Recently, i’ve been experiencing NYC in a strangely sentimental way every time i commute into the city for work. I find myself snapping out of my usual thought-filled daze, looking up from the sidewalk, and just taking everything in, as if i were discovering the city anew. And i can’t help but assume that i wouldn’t fit in anywhere other than New York. I have these thoughts regularly, but these days, the conviction is so unshakable. Sometimes when i ride the subway, i like to stand and hold the pole even if there are empty seats and casually look around and observe the people. I don’t know what it is about subway trains, but i instantly feel comfortable and content in that sea of strangers who are so absorbed in their own bubbles but also refreshingly friendly, when given a chance to be. New York friendly is a rare kind of friendly: not overwhelming, not interfering, and most definitely not forced. Friendliness in New York is warranted, not expected, but it’s also surprisingly prevalent, if you know how to interact with the people. It could be in a quick nod or even just a glance. Wherever you find it, it’s cool, never clingy, and it always brightens up your day, if only for a fleeting moment. Perhaps “friendliness” is not the right word. Maybe it’s solidarity.

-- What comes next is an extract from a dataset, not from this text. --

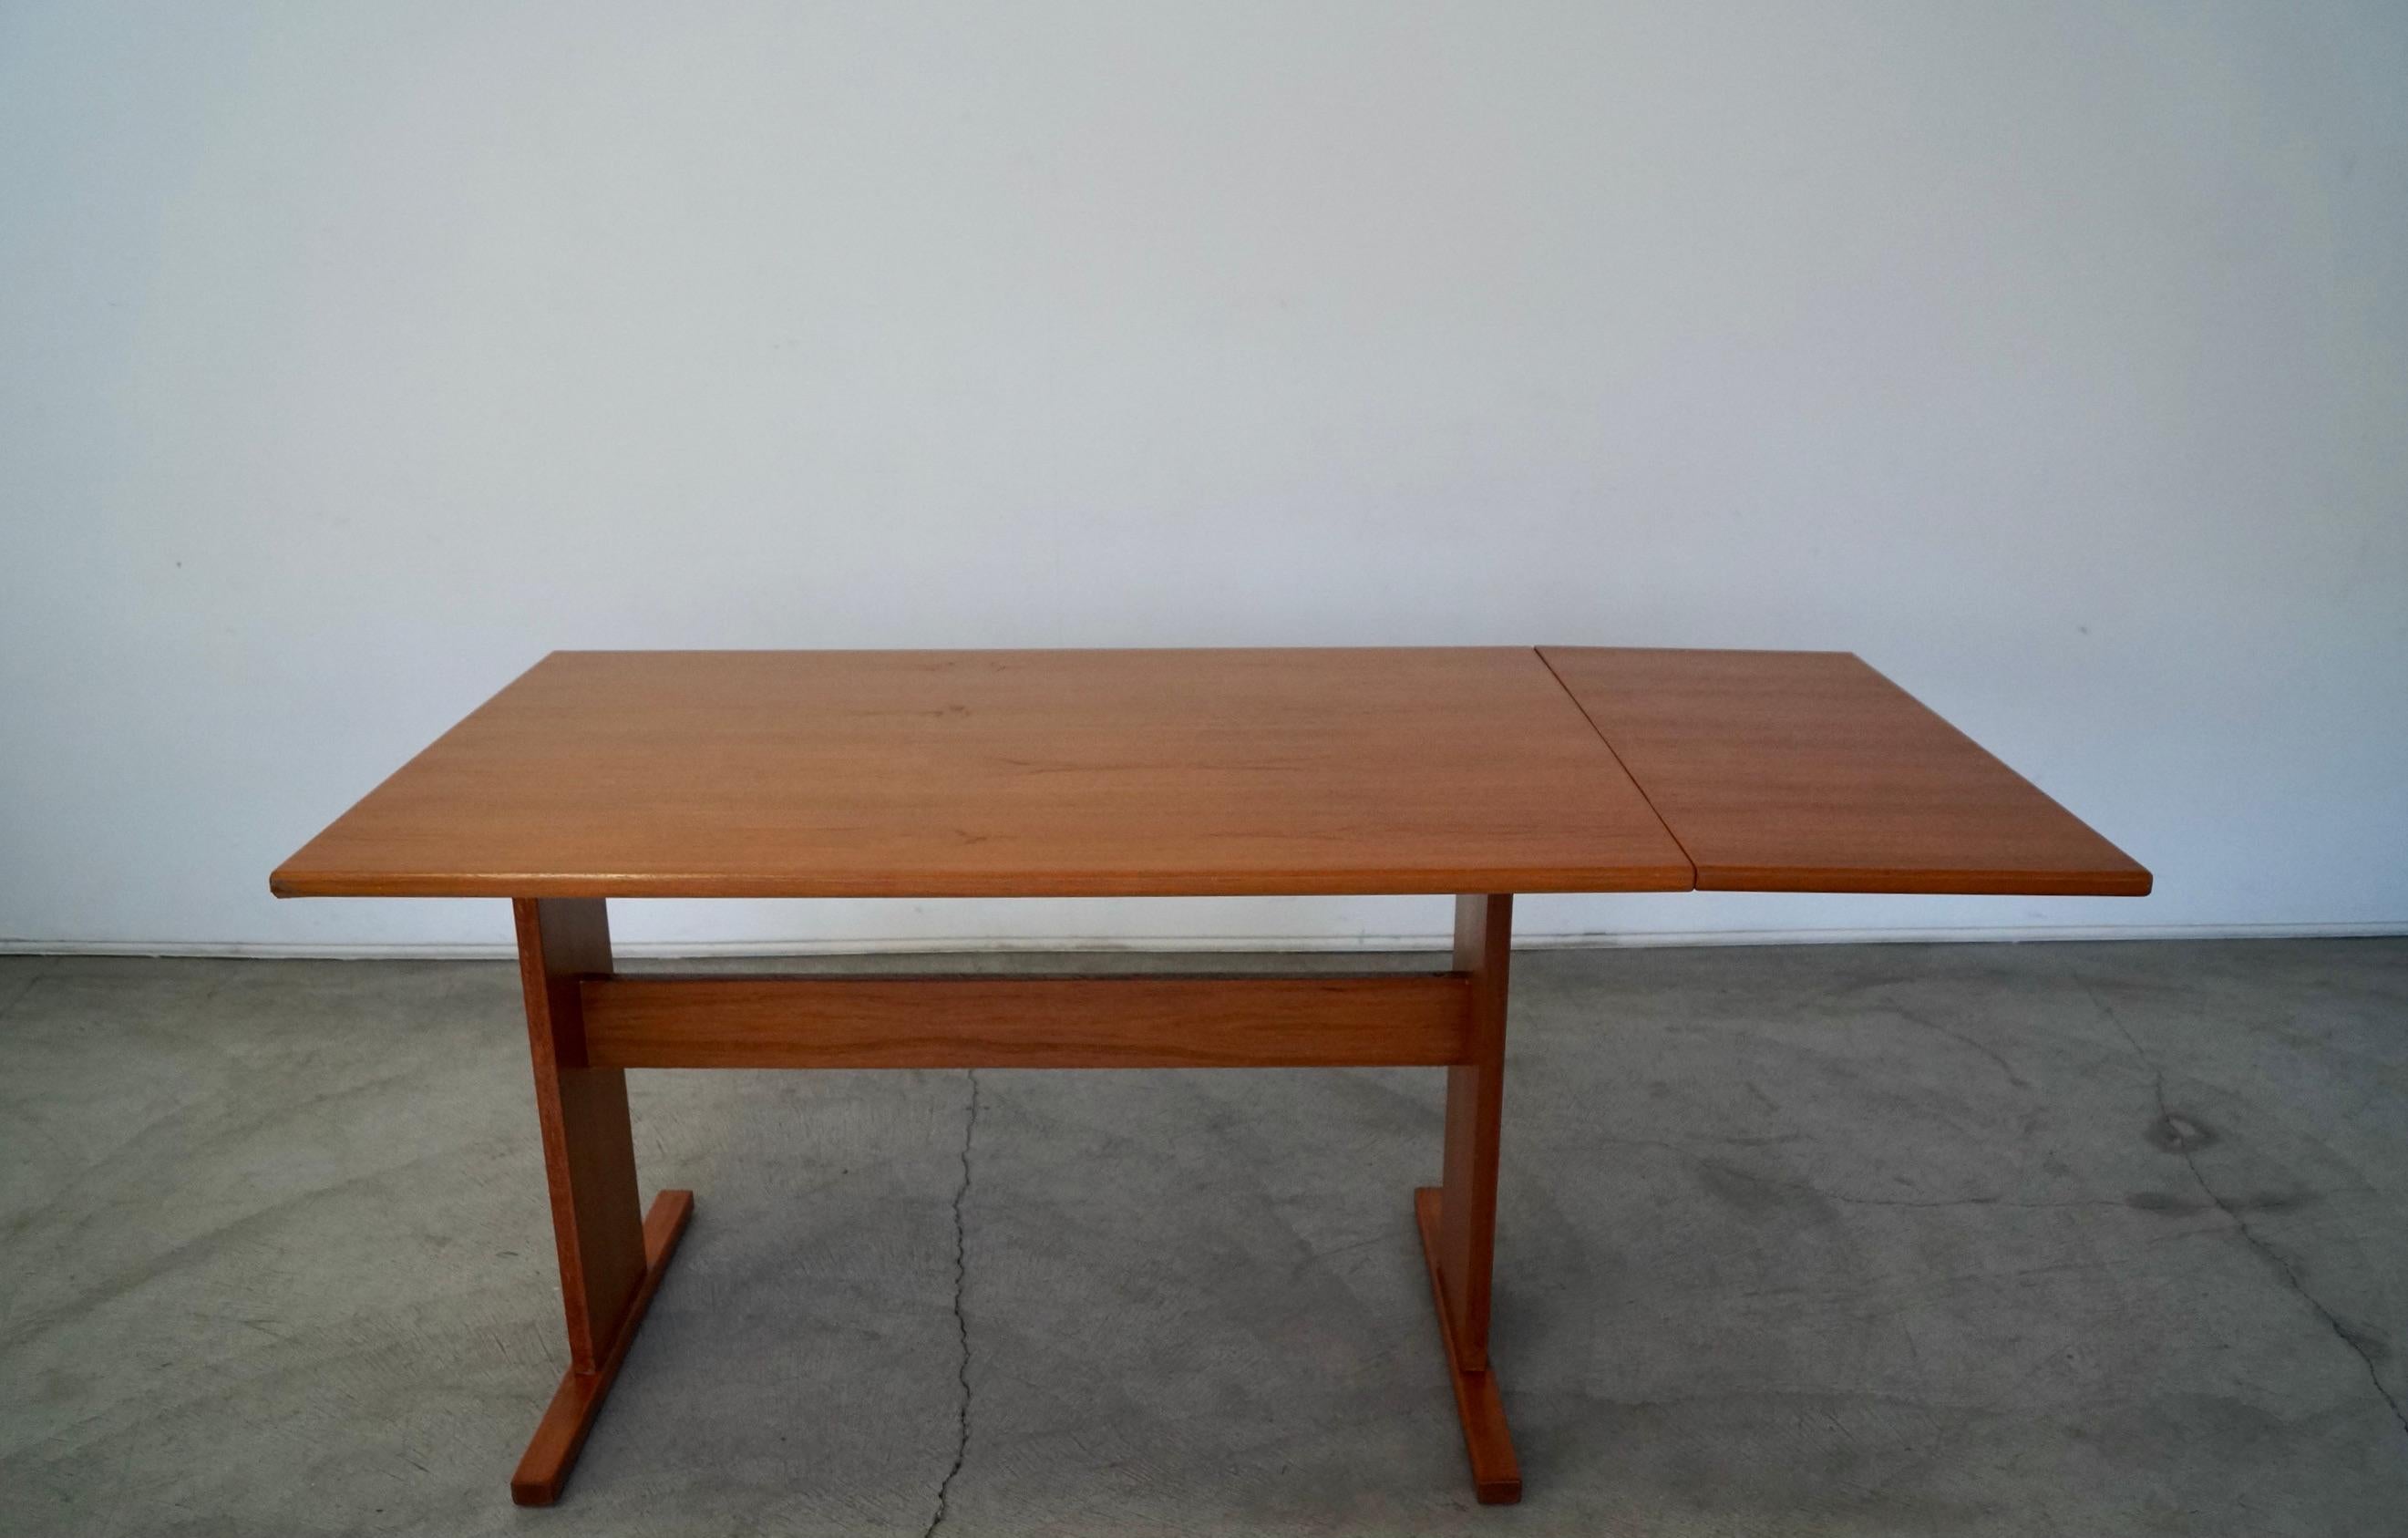 Vintage Mid-Century Modern dining table for sale. Manufactured in the 1970's by Gangso, and made in Denmark. Original Danish Modern piece, and made of teak. It has been professionally refinished and looks incredible. It has a nice clean design with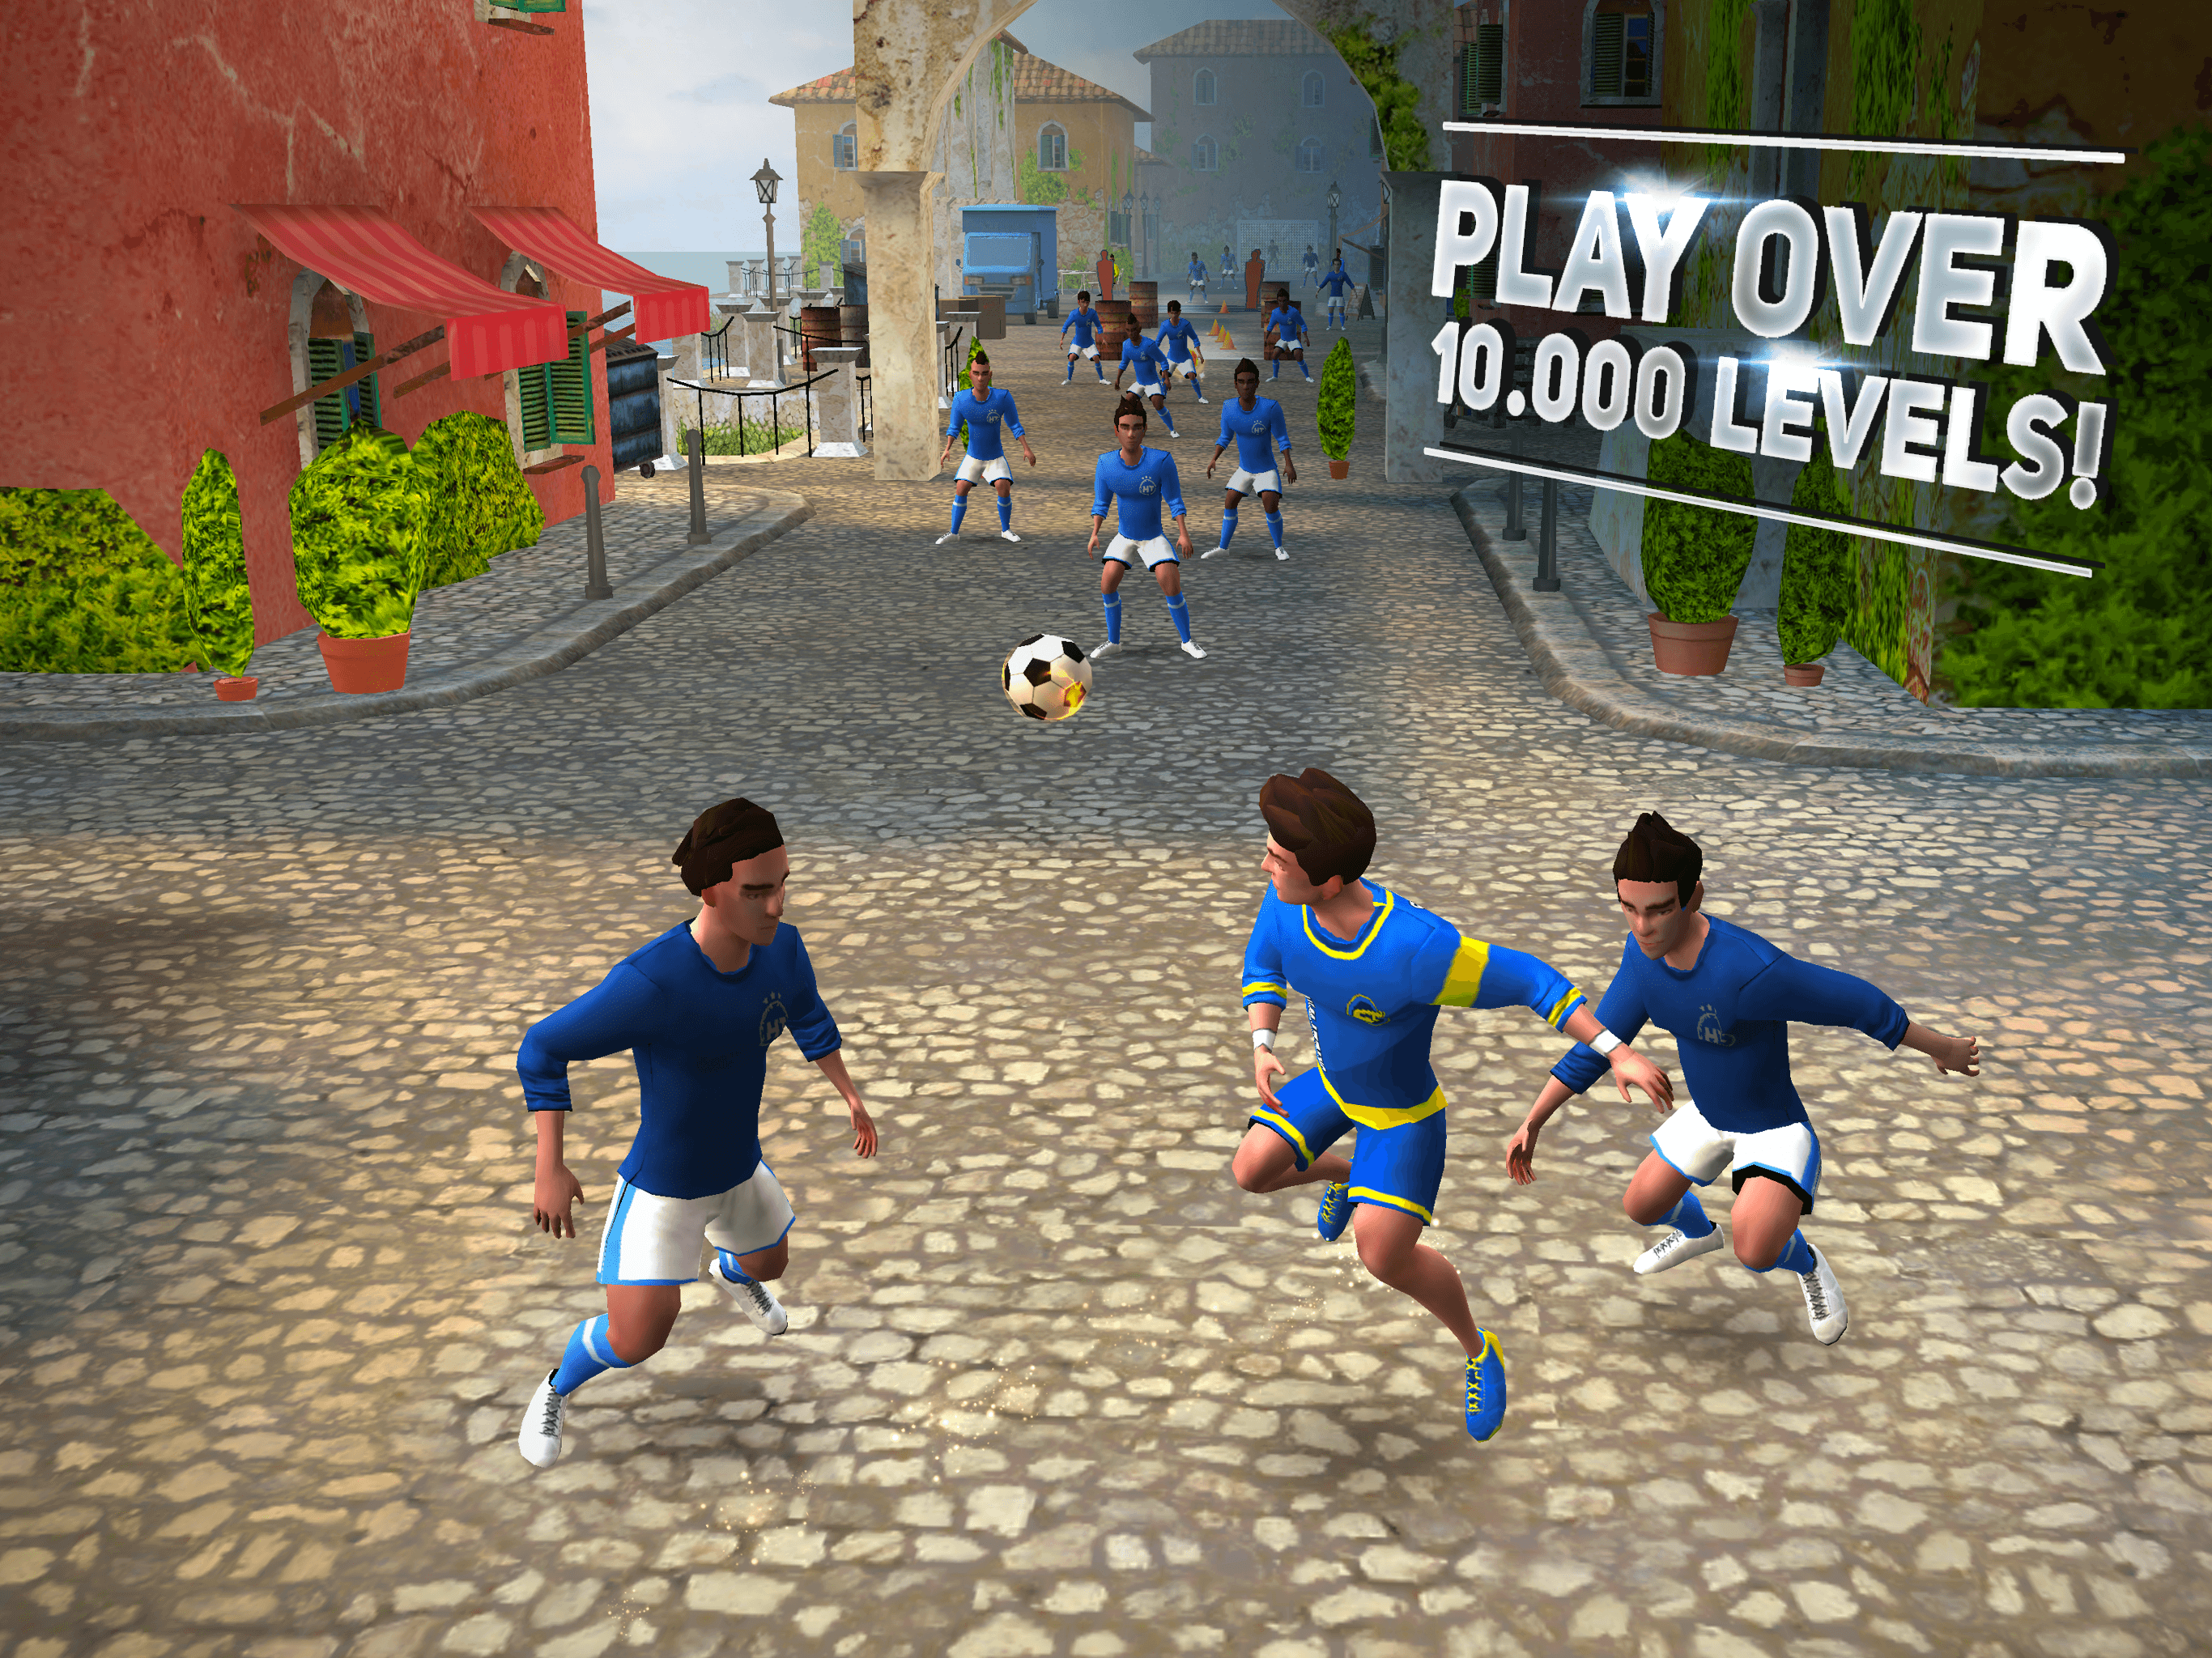 Download SkillTwins Football Game 2 on PC with BlueStacks

The bubbles definitely exist, but they’re so clumsy and thin and easily breakable, and not many people realize that everyone needs and wants to break out of them sometimes. There’s a secret camaraderie among New Yorkers, and i’m not sure how much of that exists—and if it does, what it’s like—in other big cities. And so this is the question i’m faced with now: do i leave New York knowing that physically, it’s an unhealthy environment for me, but risking never getting used to a population that behaves differently? Do i go for the people or the environment? In a way, i guess they’re one and the same. What i really wanna know is, what are people in other big cities like?
*photo is of street artist Keith Haring and was taken by Chantal Regnault. found here.